→ **RECORDED INFORMATION**:
------------
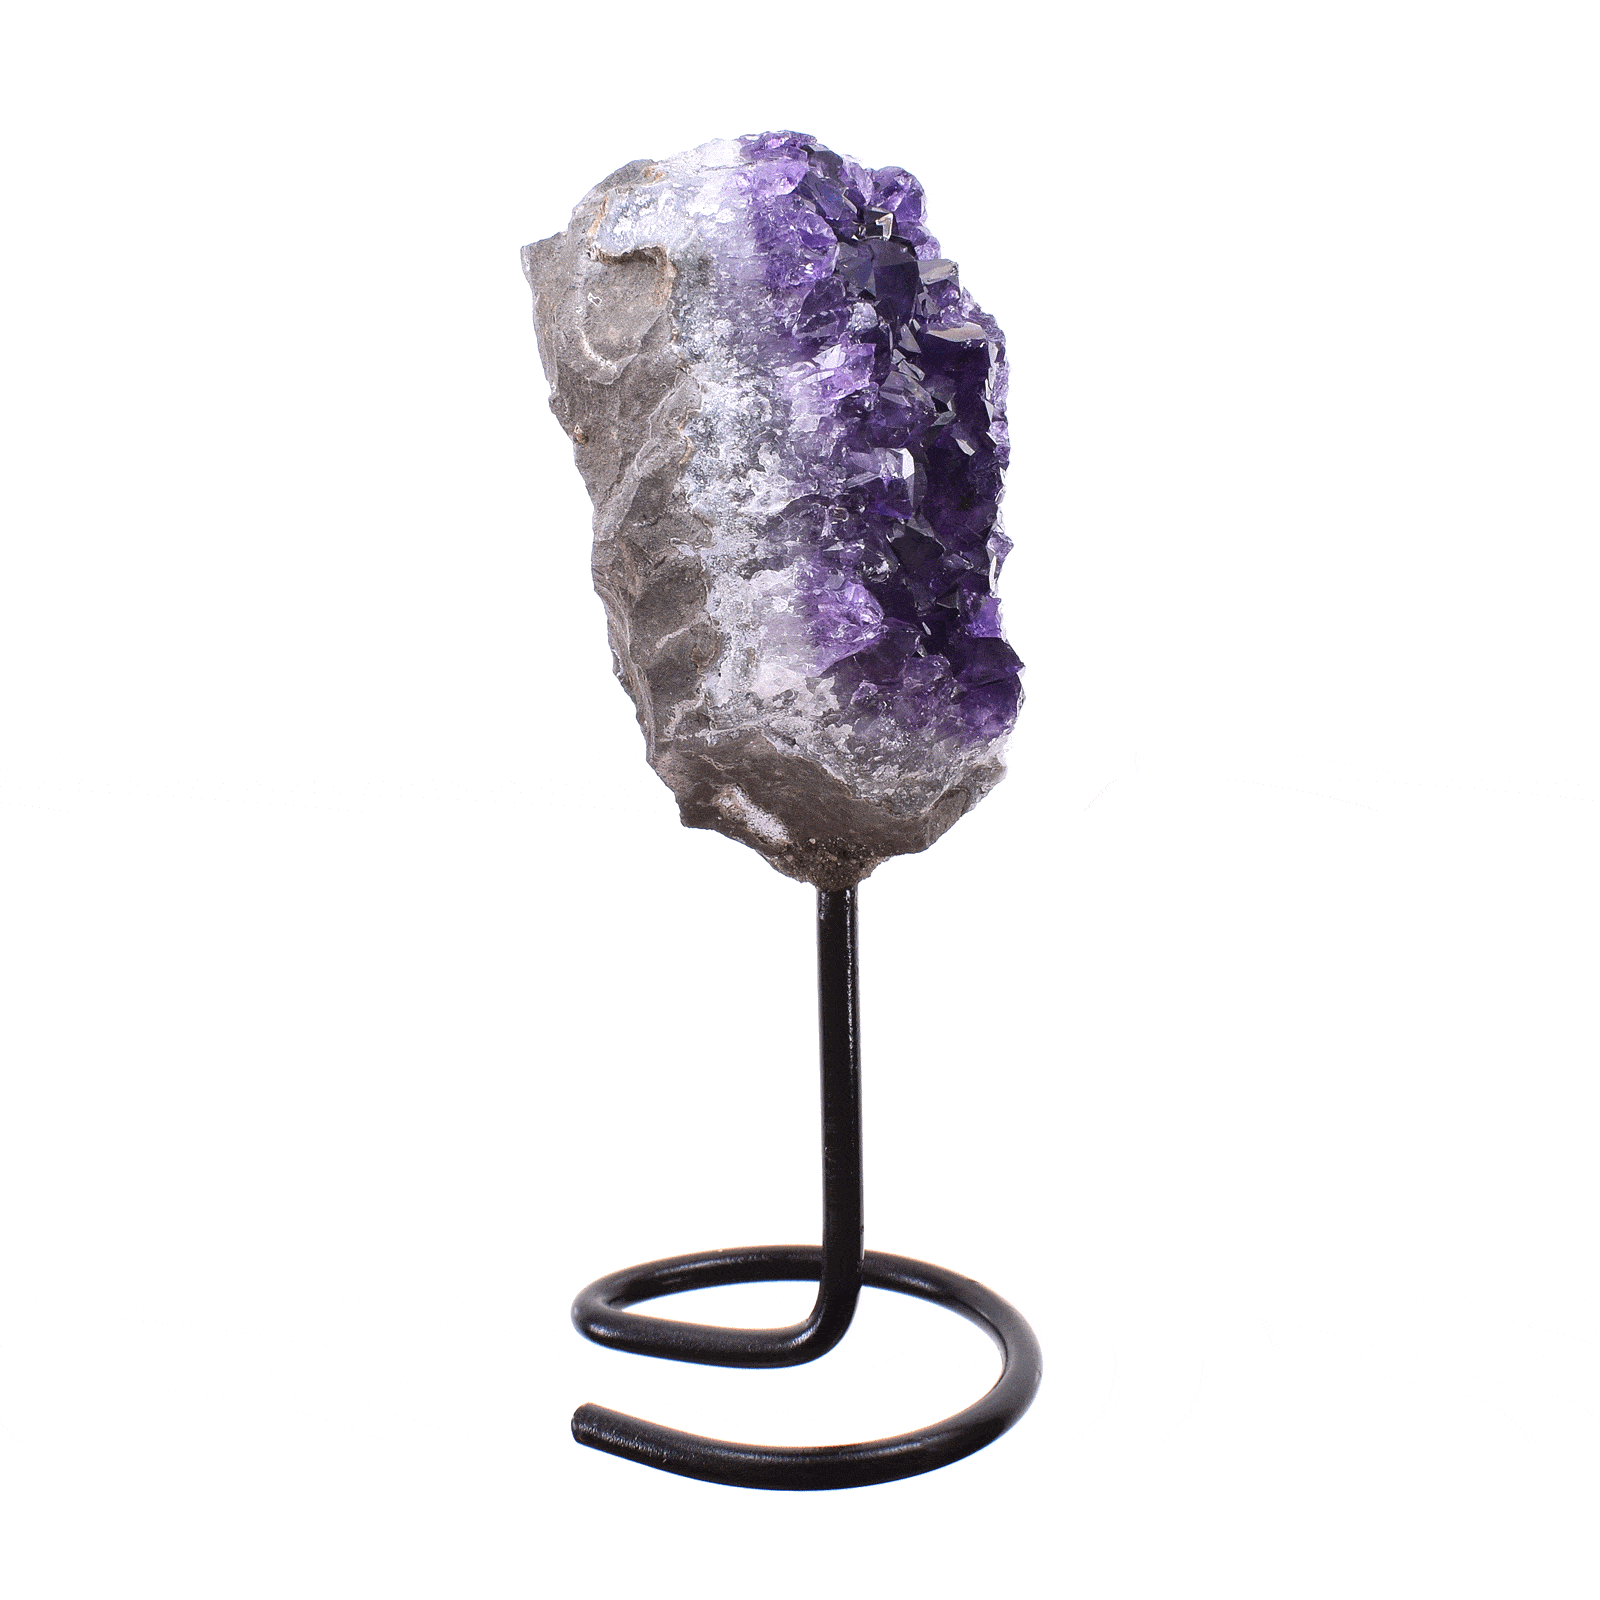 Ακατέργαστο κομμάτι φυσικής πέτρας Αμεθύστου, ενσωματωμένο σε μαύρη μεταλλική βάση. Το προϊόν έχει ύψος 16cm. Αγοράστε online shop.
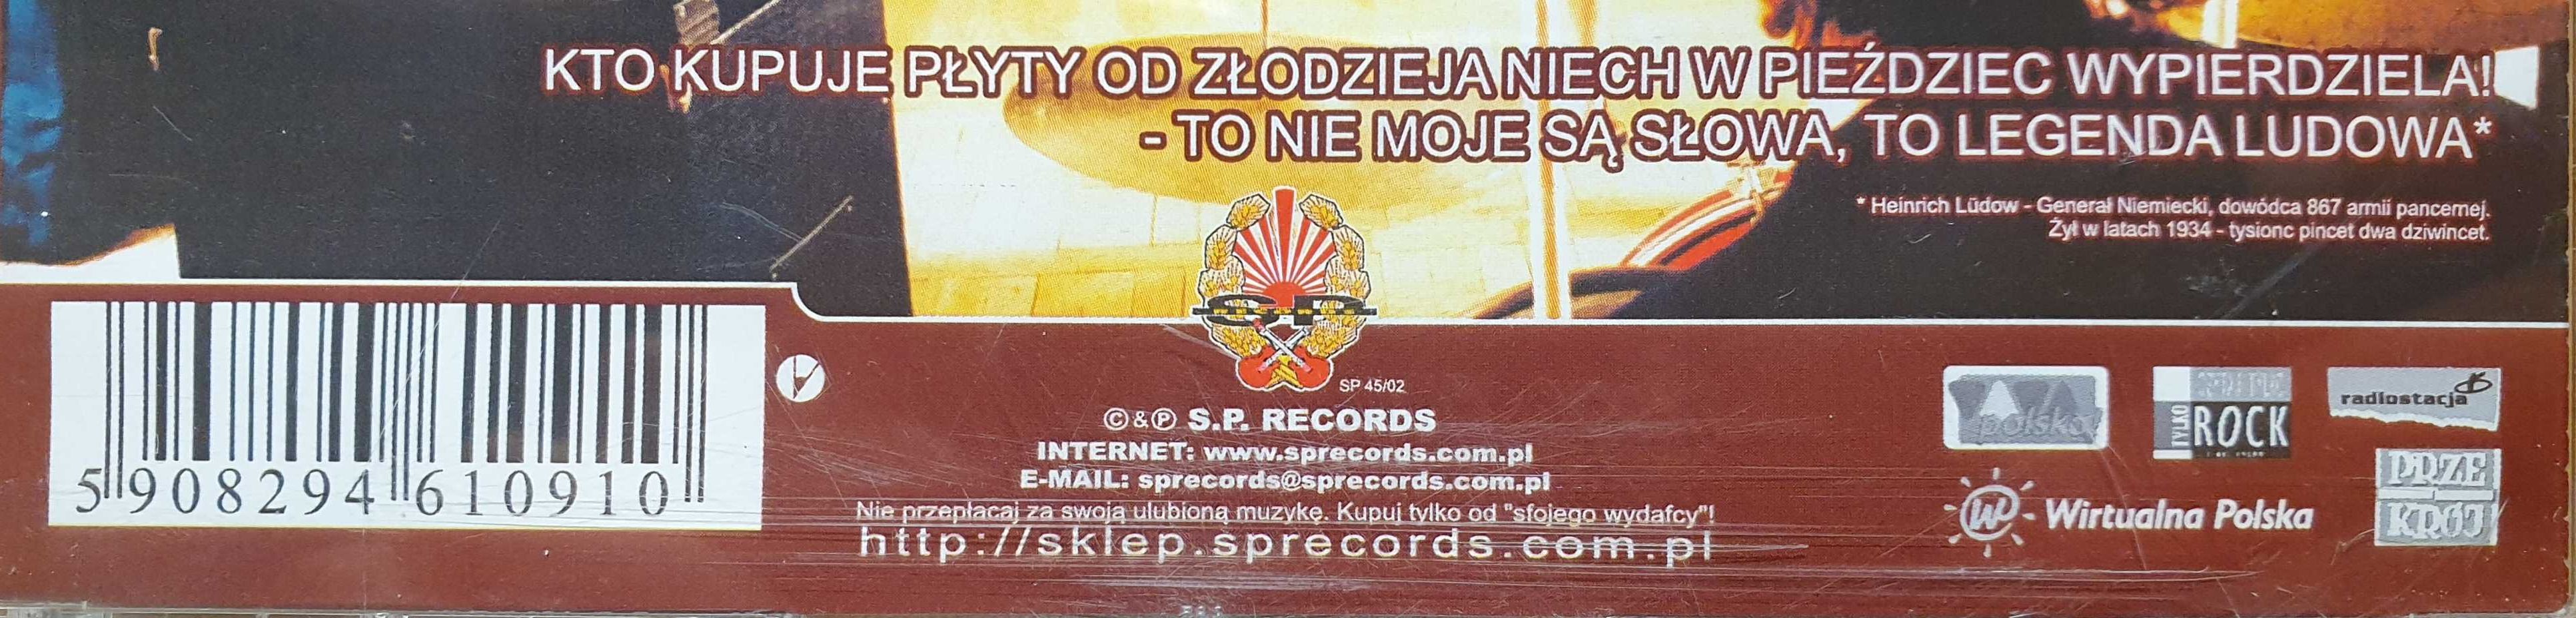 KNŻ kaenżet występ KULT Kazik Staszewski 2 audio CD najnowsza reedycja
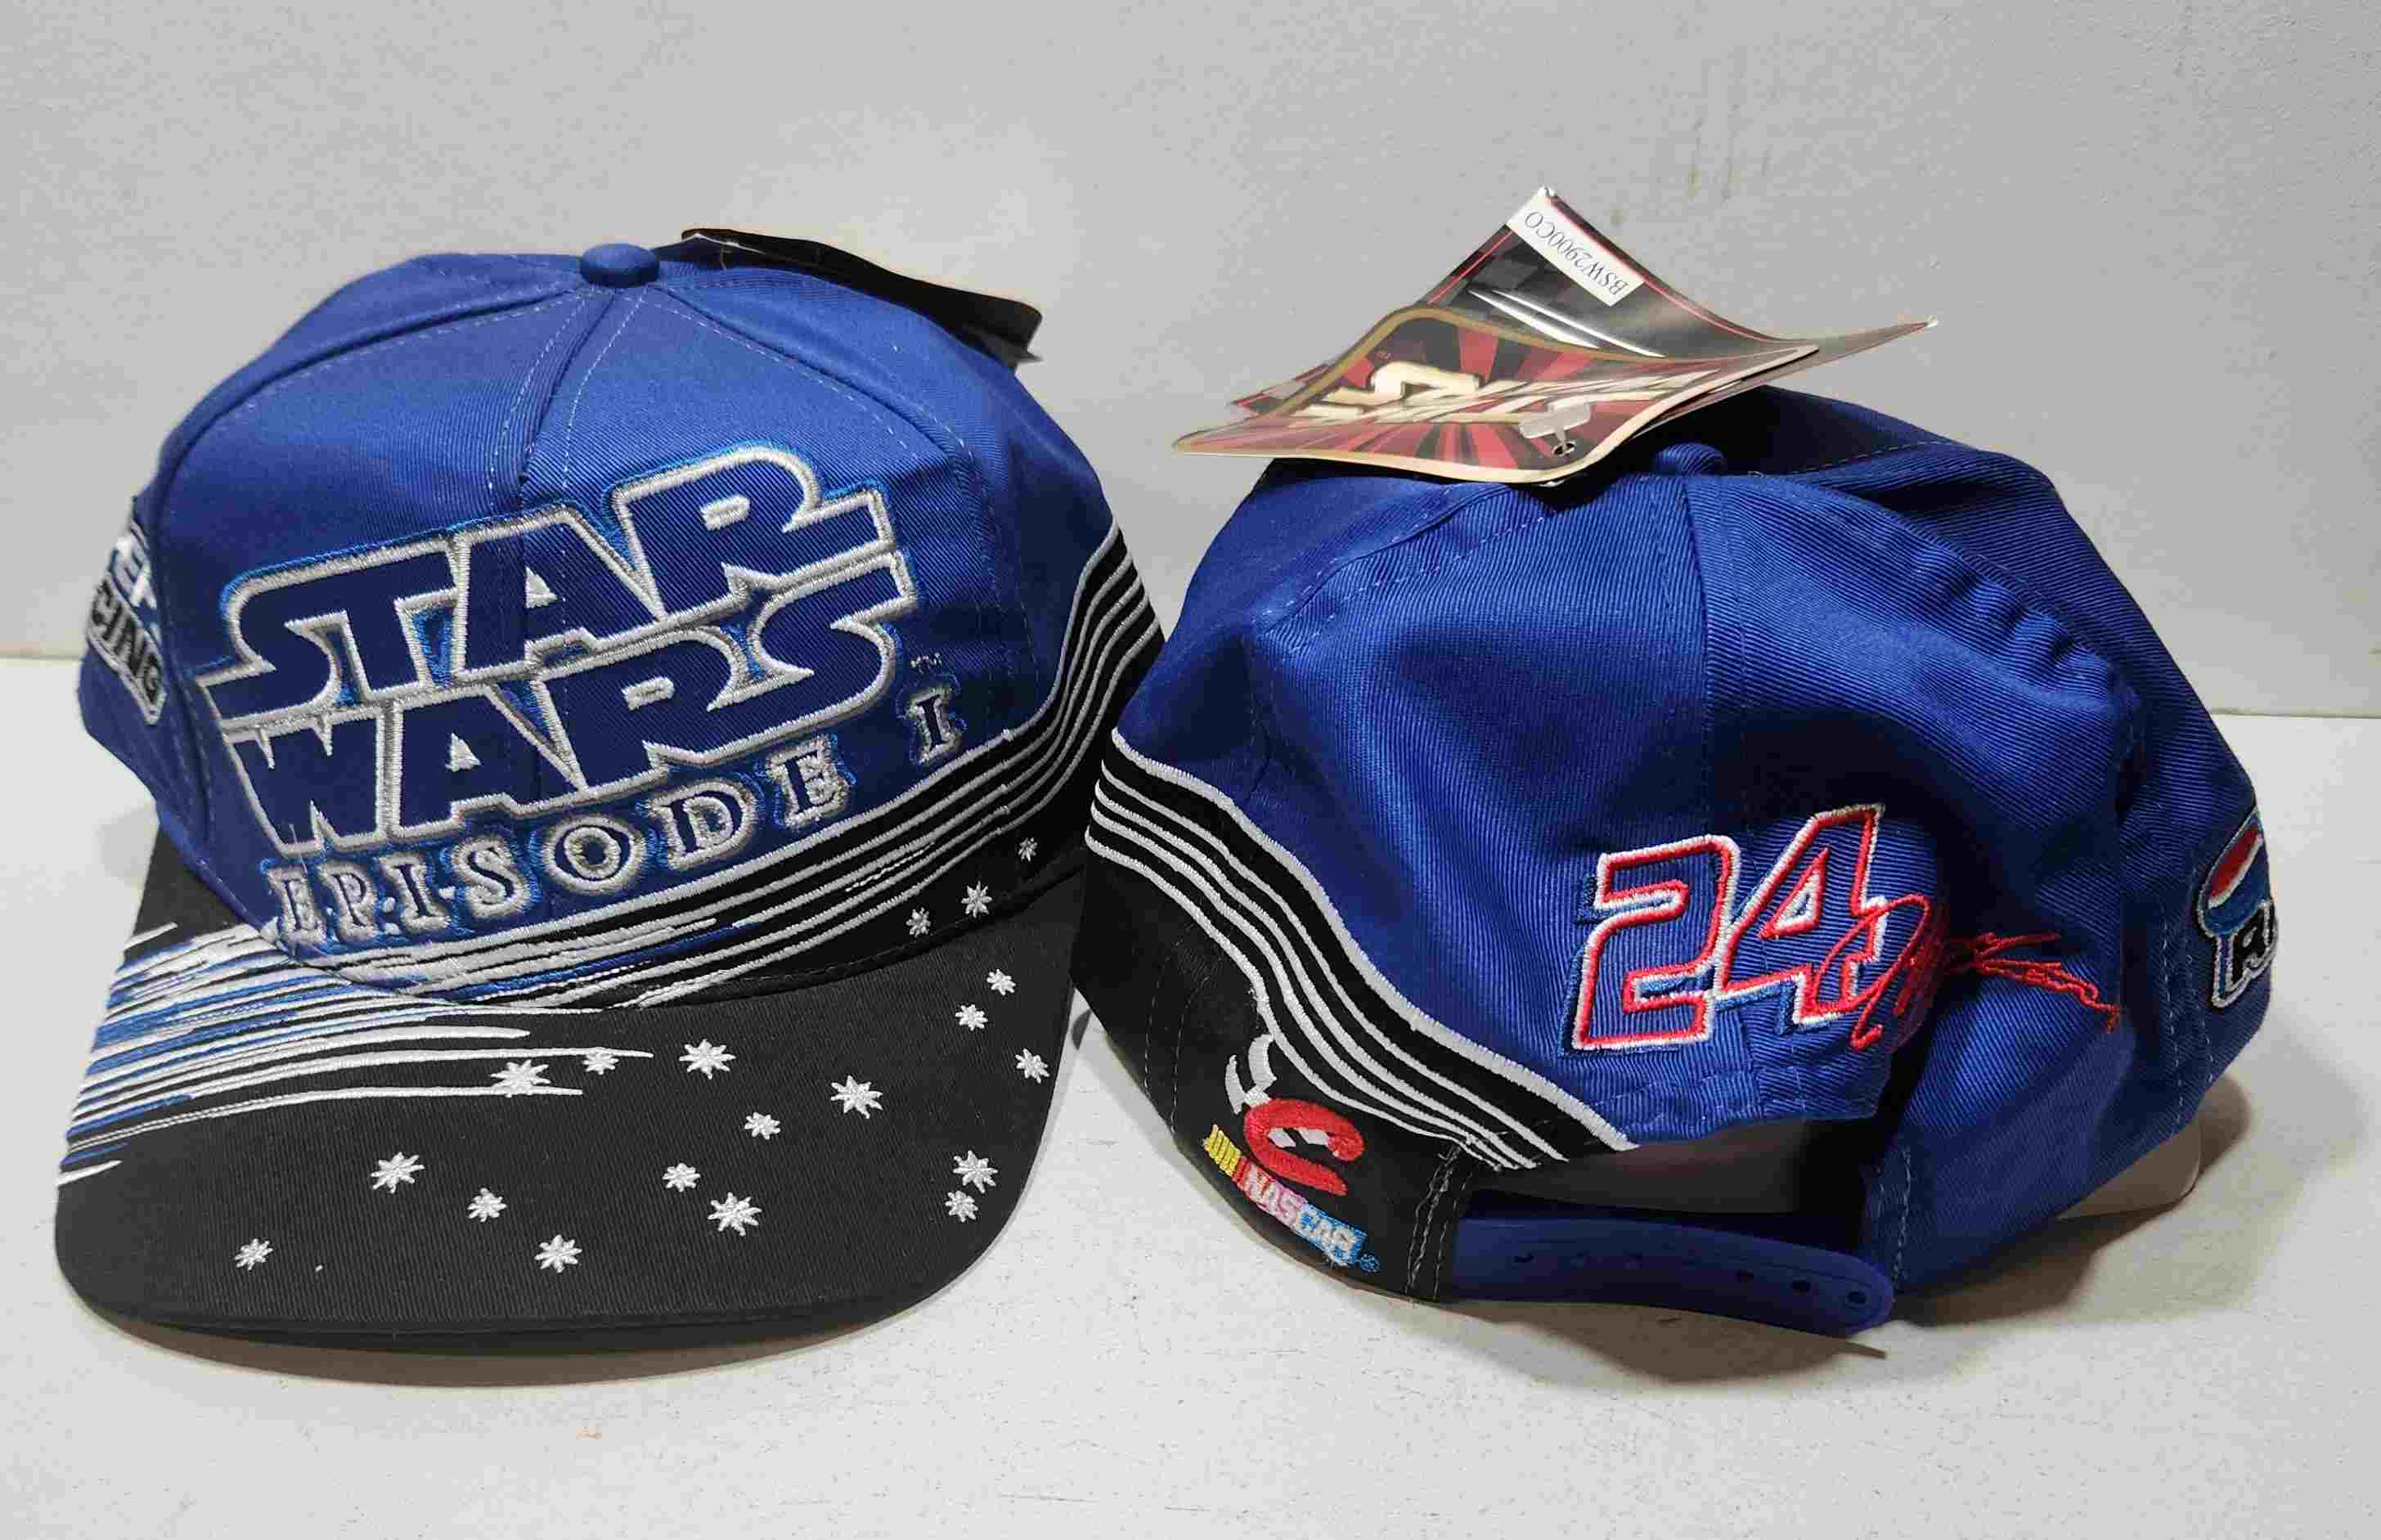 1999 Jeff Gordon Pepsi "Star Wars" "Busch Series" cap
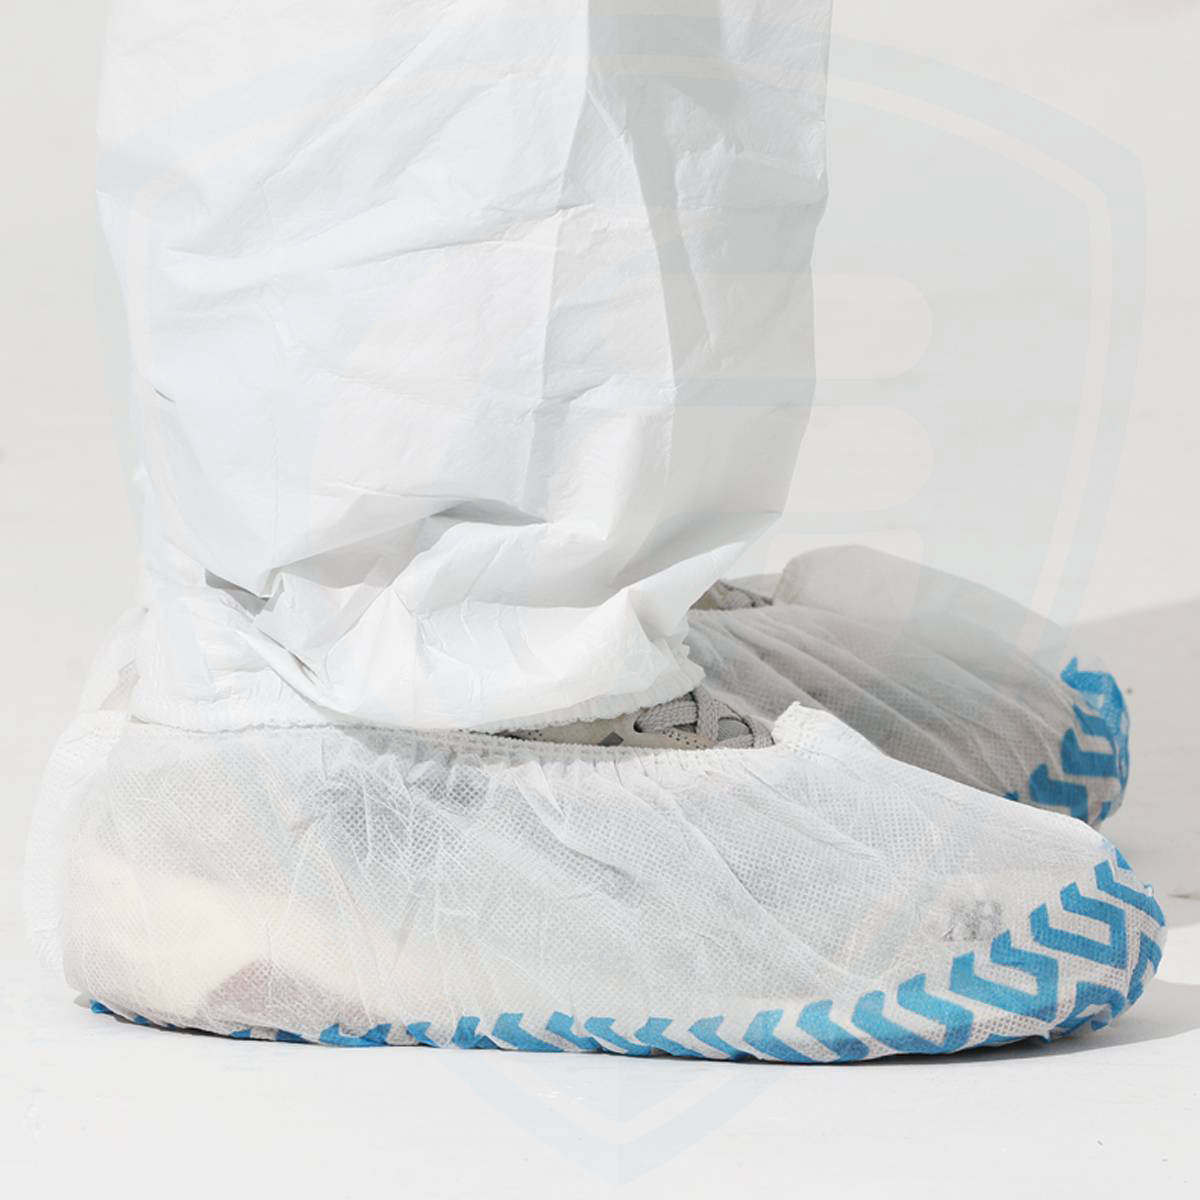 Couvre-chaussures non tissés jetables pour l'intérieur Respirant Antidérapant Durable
------------
Write out the data precisely as given, excluding the pictures.

 Ακατέργαστο κομμάτι φυσικής πέτρας Αμεθύστου, ενσωματωμένο σε μαύρη μεταλλική βάση. Το προϊόν έχει ύψος 16cm. Αγοράστε online shop.
 KNŻ kaenżet występ KULT Kazik Staszewski 2 audio CD najnowsza reedycja
 1999 Jeff Gordon Pepsi "Star Wars" "Busch Series" cap
 Couvre-chaussures non tissés jetables pour l'intérieur Respirant Antidérapant Durable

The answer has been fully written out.